Co zadecydowało, że wybrał Pan kurs organizowany przez KIDP?
– Sprawdziłem różne oferty na rynku, a kurs KIDP miał bardzo dobre opinie. Przekonało mnie również to, że prowadzący to doświadczeni doradcy podatkowi oraz członkowie samorządu doradców podatkowych – jeśli się uczyć, to właśnie od nich. Taka formuła nauki jaką proponuje Krajowa Izba Doradców Podatkowych w moim przypadku sprawdziła się doskonale.
A co było najtrudniejszą częścią egzaminu?
– Sama formuła egzaminu państwowego na doradcę podatkowego jest bardzo wymagająca. Jak wspominałem wcześniej, skończyłem prawo na Uniwersytecie Jagiellońskim, a ta uczelnia od lat systematycznie odchodzi od egzaminów ustnych. Myślę, że taka forma – egzaminu ustnego była dość wymagająca i stanowiła wyzwanie. To rodzaj pewnego wystąpienia publicznego, z czym wiąże się dodatkowa trema. Dużo prostsza była część pisemna, do rozwiązywania kazusów przyzwyczaiłem się na studiach i nie stanowiło to problemu.
Jakie są Pana dalsze plany zawodowe po uzyskaniu tytułu i uprawnień doradcy podatkowego?– Na pewno chcę dalej zajmować się podatkami. W mojej bieżącej pracy, najczęściej mam do czynienia z podatkiem CIT – to także dziedzina, w której czuję się najlepiej. Dlatego, choć w tym momencie zajmuję się ogólną praktyka podatkową, to w przyszłości chciałbym się wyspecjalizować w podatku dochodowym od osób prawnych.
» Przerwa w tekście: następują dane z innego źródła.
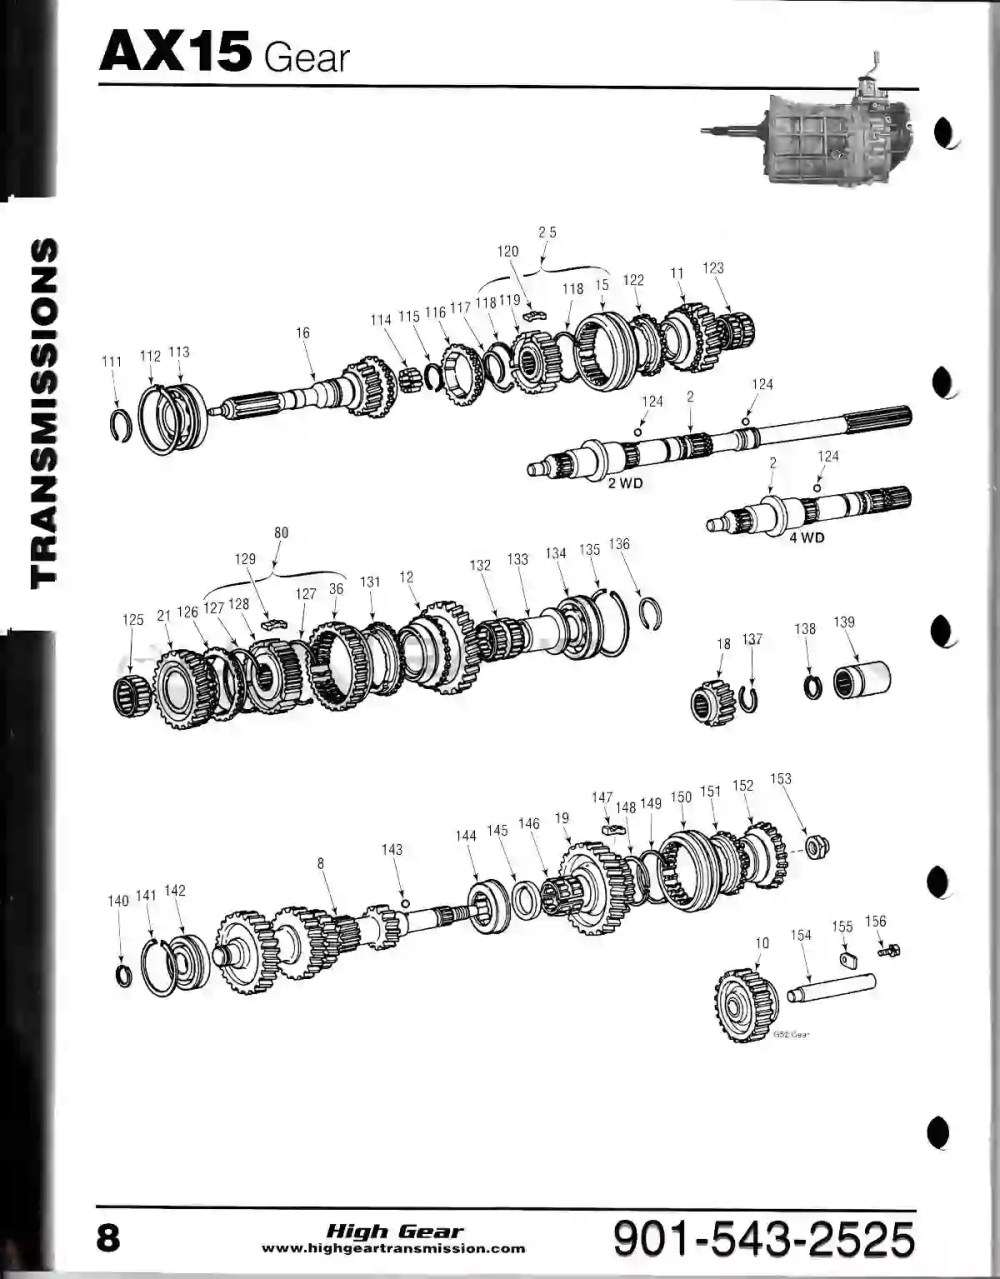 medium resolution of ax15 transmission diagram wiring diagram post ax15 transmission parts ax15 transmission diagram

Ale daję sobie jeszcze czas na podjęcie takiej decyzji.
Życzymy powodzenia i dziękujemy za rozmowę!
Patryk Zawada – radca prawny, absolwent Uniwersytetu Jagiellońskiego. 11 stycznia 2024 złożył ślubowanie zostając doradcą podatkowym nr 14638. Mieszka i pracuje w Skawinie.